Alzheimer. Da studio longitudinale su volontari 70enni nuova banca dati per la ricerca

Alzheimer. Da studio longitudinale su volontari 70enni nuova banca dati per la ricerca

Alzheimer. Da studio longitudinale su volontari 70enni nuova banca dati per la ricerca
Uno studio di longitudinale sull’invecchiamento cerebrale, che ha coinvolto 1.321 volontari 70-74enni abitanti ad Abbiategrasso (Milano), permette la costruzione di un deposito fruttifero a disposizione della ricerca, a far rendere in termini di conoscenza scientifica per studiare i vari aspetti dell’invecchiamento cerebrale e del deterioramento cognitivo. Al via anche il progetto della Banca del Cervello.

Sono 1.321 i volontari tra i 70 e i 74 anni, abitanti ad Abbiategrasso (Milano), che hanno partecipato a uno studio scientifico sull’invecchiamento cerebrale contribuendo alla costruzione di una grande “banca” di dati e di materiale biologico (DNA, cellule, sangue) da utilizzare per la ricerca scientifica sull’Alzheimer. Lo studio, denominato “Invecchiamento Cerebrale in Abbiategrasso” (InveCe.Ab), è stato condotto dalla Fondazione Golgi Cenci – centro di ricerca con sede ad Abbiategrasso rinomato a livello internazionale – con il contributo della Federazione Alzheimer Italia – la maggiore organizzazione nazionale non profit dedicata alla promozione della ricerca sulle cause e la cura dell’Alzheimer, oltre che al sostegno dei malati e dei loro familiari – e con la collaborazione dell’Università di Pavia.
 
I volontari abbiatensi si sono sottoposti per tre volte (la prima nel 2009, poi nel 2012 e infine nel 2014) a un prelievo del sangue, un’intervista sociale, una valutazione neuropsicologica e una visita medica. Grazie a loro, oggi presso la Fondazione Golgi Cenci è presente un consistente “deposito fruttifero” da far rendere in termini di conoscenza scientifica per studiare i vari aspetti dell’invecchiamento cerebrale e del deterioramento cognitivo sia di tipo Alzheimer che di altra natura.  Lo studio è stato reso noto a livello internazionale grazie alla registrazione presso il National Institute of Health degli USA, e ci sono state inoltre pubblicazioni su riviste internazionali sia sulla parte metodologica che sui primi dati sulla prevalenza della demenza.

Dalle prime analisi dei dati, è emerso un preciso profilo anagrafico-sociale dei partecipanti, comprendente le abitudini alimentari e la propensione alle attività ricreative, a seconda del sesso e dell’età (si conferma per esempio che ad Abbiategrasso si usa molto la bicicletta e si legge quotidianamente il giornale). Nel corso dei sei anni delle tre valutazioni è emerso un calo, prevedibile e legato all’invecchiamento, nella memoria di una lista di parole, mentre per il ricordo di un racconto dalla trama logica la perdita è molto minore e addirittura si riscontra qualche miglioramento. Ciò sottolinea l’importanza per il cervello dell’organizzazione delle informazioni che si vogliono ricordare. Emerge inoltre come la demenza e la malattia di Alzheimer siano legati all’età: la prevalenza della demenza è raddoppiata in 5 anni (dal 3,3 al 6,8%), un risultato in linea con i dati europei. Per la salute in generale si è riscontrato solo un 10% dei volontari che non presenta alcun problema medico.

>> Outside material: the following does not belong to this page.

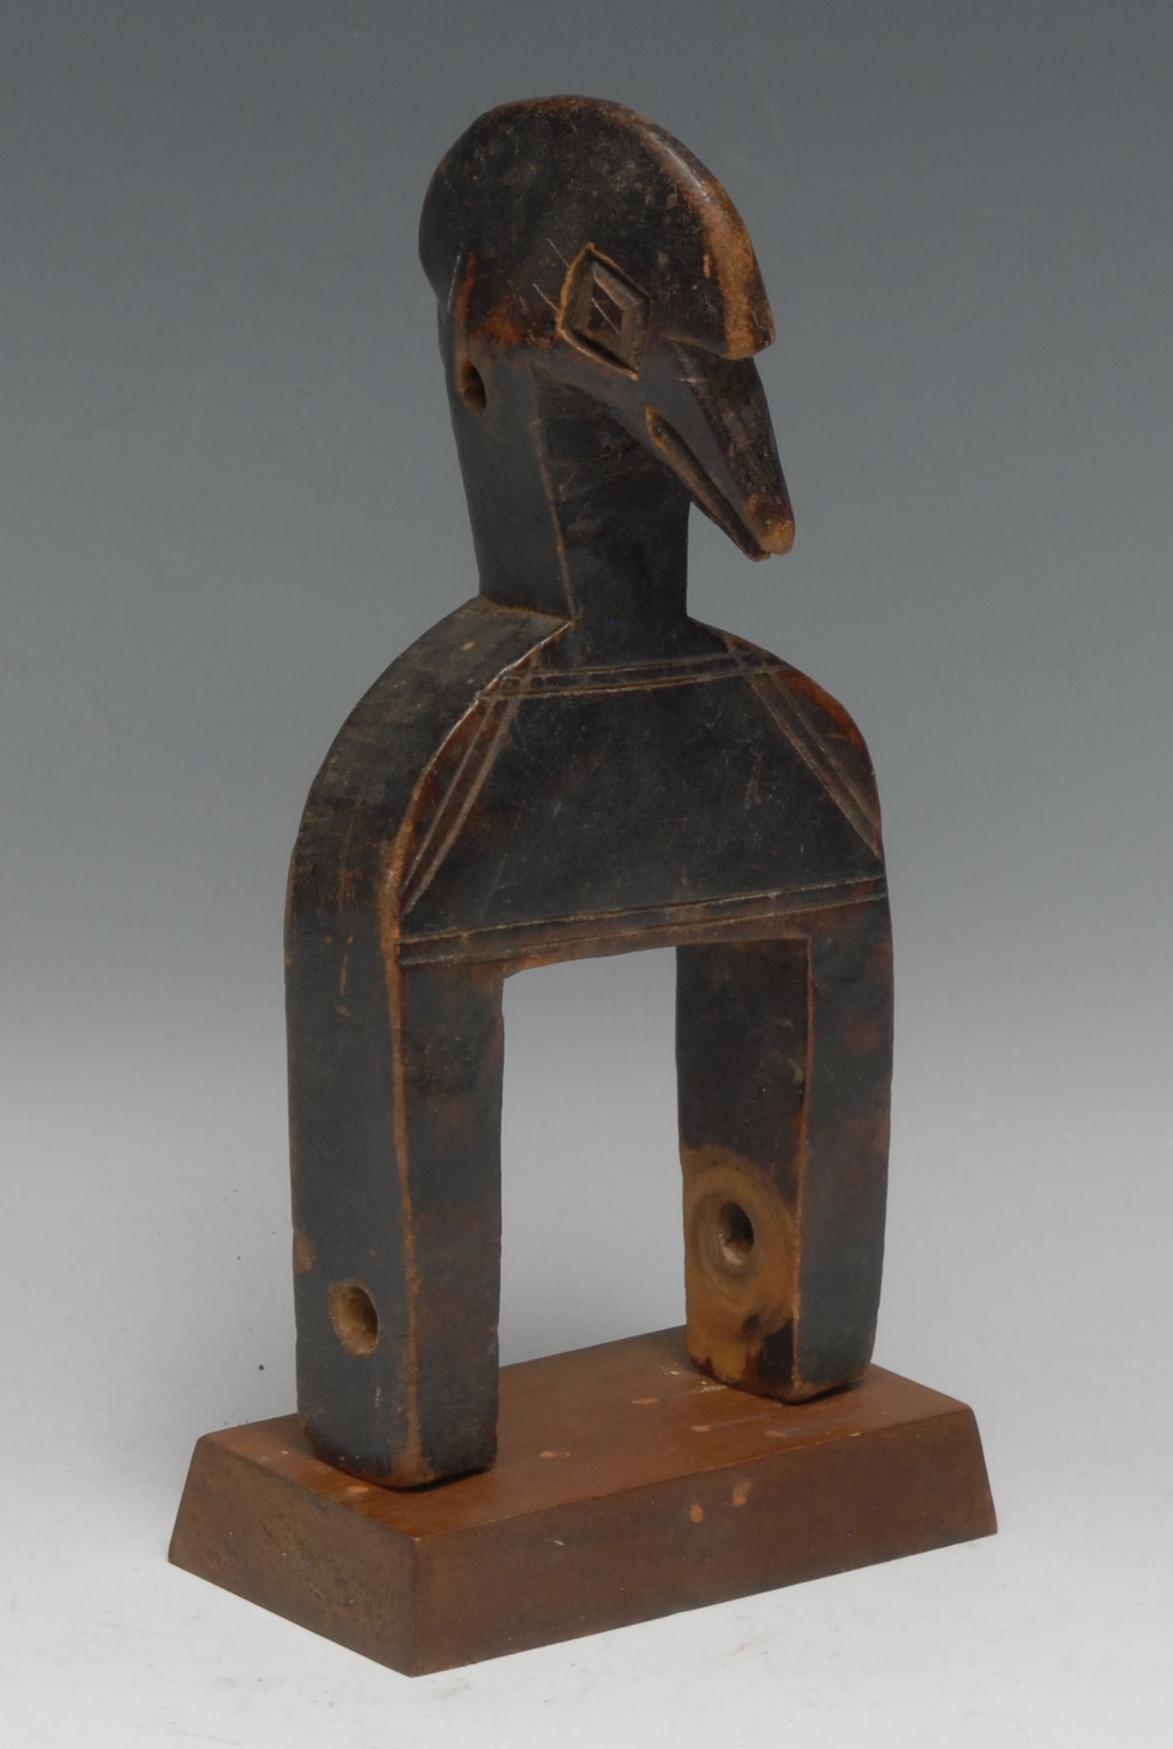 Tribal Art - a Senufo heddle pully figure, carved as a stylized bird, 21cm high, Ivory Coast, West
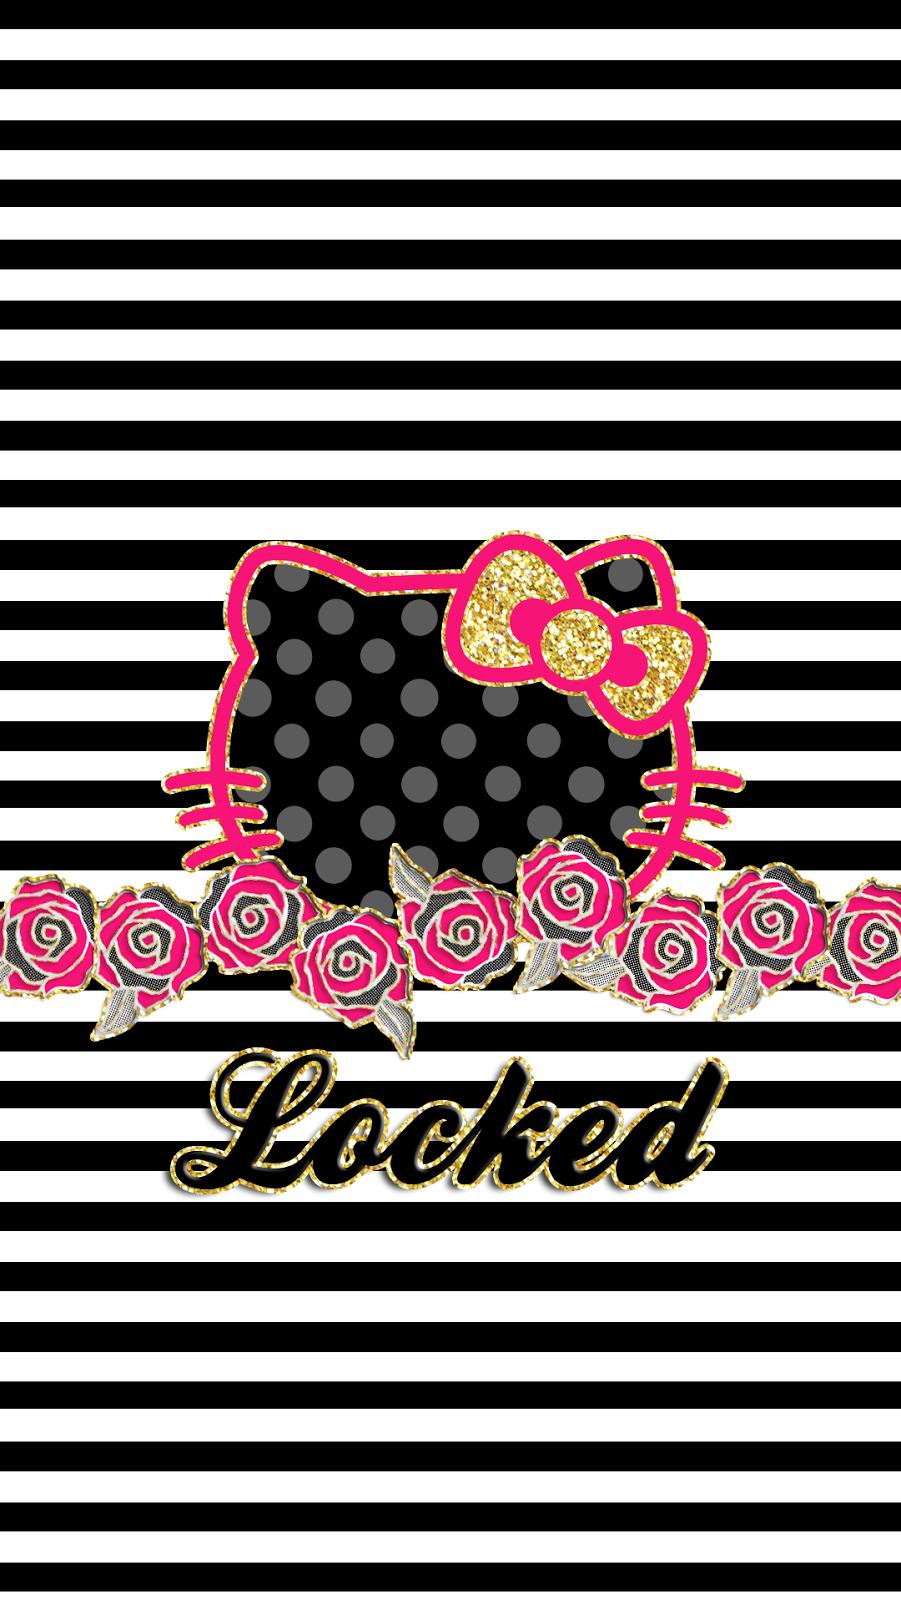 Simple Wallpaper Hello Kitty Cheetah - 3ddc8979f5ea415e65142d5e640ca962  2018_95839.png

Sempre grazie alla Fondazione Golgi Cenci, si parla di unicità a livello per un progetto che sta muovendo i primi passi e che vedrà il suo compimento nei prossimi anni: si tratta della Banca del Cervello, ovvero secondo le parole del direttore della fondazione, Antonio Guaita: “Una raccolta post mortem di encefali a scopo di studio a disposizione della comunità scientifica; per questo si parla di 'banca' anche se i frutti sono in ambito scientifico e non economico. Oltre alle informazioni che si apprendono al microscopio, sono ugualmente significative le cose di cui veniamo a conoscenza della persona, in quanto le vicende della vita rendono unico il cervello di ognuno di noi”.